*** Data in this exercise Section Begins ***
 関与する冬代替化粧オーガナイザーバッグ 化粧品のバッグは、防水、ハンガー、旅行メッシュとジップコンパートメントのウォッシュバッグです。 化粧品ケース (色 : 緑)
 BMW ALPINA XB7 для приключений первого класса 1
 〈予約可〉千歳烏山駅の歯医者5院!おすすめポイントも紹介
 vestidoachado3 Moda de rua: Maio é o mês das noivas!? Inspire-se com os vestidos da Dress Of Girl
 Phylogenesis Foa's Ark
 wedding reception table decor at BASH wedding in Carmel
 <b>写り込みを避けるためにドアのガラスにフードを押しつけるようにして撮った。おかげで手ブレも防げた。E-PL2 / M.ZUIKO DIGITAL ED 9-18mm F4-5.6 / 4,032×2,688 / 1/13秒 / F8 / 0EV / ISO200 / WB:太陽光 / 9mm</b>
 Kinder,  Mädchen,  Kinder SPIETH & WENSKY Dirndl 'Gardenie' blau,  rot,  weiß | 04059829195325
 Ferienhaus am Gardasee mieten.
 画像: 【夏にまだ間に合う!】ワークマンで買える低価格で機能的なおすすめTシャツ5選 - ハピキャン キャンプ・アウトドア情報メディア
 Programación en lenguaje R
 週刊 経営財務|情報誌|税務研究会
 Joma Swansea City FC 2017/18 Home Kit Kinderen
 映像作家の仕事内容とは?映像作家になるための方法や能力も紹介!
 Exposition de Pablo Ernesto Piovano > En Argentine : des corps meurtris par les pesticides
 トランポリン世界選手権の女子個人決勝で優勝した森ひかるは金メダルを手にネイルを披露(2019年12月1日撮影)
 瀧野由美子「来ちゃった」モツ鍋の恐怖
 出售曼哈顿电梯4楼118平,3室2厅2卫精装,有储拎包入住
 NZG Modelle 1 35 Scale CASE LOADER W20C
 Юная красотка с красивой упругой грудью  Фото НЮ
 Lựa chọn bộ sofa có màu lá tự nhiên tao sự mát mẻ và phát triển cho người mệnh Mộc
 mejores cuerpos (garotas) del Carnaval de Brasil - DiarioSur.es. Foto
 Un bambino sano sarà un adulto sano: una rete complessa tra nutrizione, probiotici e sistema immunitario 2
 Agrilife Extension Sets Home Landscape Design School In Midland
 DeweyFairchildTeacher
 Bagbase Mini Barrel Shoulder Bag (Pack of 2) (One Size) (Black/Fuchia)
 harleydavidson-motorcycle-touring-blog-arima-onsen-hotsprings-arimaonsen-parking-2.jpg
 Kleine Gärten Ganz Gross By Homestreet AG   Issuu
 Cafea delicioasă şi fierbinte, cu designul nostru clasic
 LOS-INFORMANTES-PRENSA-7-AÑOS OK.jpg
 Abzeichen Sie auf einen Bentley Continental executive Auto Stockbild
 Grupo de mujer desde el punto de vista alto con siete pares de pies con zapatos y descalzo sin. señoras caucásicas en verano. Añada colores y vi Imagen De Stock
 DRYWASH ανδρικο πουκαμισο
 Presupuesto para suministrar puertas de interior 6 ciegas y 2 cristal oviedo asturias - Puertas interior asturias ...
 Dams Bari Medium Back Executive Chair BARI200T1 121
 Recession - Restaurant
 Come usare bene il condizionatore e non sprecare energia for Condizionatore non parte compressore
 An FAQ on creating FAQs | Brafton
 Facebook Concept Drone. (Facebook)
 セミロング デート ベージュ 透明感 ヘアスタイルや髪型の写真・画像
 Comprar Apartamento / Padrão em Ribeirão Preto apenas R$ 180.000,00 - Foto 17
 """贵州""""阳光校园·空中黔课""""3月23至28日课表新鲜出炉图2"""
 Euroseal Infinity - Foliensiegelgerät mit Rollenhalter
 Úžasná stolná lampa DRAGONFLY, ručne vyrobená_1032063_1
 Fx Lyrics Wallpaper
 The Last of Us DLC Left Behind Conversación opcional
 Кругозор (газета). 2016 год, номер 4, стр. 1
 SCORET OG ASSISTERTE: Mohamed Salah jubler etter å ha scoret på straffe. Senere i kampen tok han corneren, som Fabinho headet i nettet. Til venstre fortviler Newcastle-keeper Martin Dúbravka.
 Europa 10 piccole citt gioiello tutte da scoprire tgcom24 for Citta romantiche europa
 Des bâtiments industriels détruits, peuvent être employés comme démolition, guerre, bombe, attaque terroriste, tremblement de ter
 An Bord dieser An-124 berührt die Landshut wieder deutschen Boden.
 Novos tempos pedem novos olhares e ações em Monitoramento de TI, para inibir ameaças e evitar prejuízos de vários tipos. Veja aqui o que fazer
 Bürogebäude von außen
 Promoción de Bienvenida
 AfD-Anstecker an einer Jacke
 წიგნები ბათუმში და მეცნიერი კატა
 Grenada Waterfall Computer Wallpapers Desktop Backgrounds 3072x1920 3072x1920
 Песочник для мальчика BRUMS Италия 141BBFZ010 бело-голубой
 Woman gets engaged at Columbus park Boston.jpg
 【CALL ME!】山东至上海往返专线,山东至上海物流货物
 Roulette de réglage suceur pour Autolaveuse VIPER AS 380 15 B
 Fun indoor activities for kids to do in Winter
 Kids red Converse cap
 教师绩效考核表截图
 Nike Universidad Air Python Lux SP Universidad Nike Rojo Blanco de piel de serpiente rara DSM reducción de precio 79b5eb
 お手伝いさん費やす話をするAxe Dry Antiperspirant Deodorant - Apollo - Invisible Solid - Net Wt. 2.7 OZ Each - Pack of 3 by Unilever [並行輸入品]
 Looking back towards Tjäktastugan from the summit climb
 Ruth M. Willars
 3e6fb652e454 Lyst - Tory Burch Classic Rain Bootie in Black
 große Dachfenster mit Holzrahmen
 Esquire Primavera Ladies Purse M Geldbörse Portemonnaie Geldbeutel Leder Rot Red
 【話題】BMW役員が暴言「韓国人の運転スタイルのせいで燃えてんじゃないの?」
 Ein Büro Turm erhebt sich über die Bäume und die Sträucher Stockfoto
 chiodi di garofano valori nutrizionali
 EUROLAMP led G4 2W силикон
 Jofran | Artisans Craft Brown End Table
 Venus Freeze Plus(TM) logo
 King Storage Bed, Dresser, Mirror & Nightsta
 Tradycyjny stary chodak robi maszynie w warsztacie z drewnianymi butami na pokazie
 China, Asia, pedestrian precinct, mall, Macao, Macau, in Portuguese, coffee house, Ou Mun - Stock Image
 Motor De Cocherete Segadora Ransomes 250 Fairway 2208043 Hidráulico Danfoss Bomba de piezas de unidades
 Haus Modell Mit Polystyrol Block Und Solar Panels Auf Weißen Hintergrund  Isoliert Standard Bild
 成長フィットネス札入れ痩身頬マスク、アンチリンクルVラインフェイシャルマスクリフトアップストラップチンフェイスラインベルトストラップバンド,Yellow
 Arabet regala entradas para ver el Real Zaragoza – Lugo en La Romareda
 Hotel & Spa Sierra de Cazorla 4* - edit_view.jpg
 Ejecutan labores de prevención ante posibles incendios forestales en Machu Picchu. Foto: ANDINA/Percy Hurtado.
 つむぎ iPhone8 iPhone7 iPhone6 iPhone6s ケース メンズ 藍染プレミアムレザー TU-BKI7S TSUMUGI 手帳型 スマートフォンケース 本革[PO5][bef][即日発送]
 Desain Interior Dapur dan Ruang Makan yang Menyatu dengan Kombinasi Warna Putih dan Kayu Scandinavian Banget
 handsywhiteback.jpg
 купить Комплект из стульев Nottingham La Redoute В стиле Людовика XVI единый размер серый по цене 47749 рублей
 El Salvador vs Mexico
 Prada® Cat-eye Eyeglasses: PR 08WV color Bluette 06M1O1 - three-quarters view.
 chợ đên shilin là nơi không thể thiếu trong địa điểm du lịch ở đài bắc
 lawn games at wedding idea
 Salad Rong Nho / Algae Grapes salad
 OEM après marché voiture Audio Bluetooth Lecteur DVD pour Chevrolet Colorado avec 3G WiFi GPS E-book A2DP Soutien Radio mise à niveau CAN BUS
*** Data in this exercise Section Ends ***
## Task item
Copy every line from the records above that contains the word "Pack".

## Response to the exercise
 Bagbase Mini Barrel Shoulder Bag (Pack of 2) (One Size) (Black/Fuchia)
 お手伝いさん費やす話をするAxe Dry Antiperspirant Deodorant - Apollo - Invisible Solid - Net Wt. 2.7 OZ Each - Pack of 3 by Unilever [並行輸入品]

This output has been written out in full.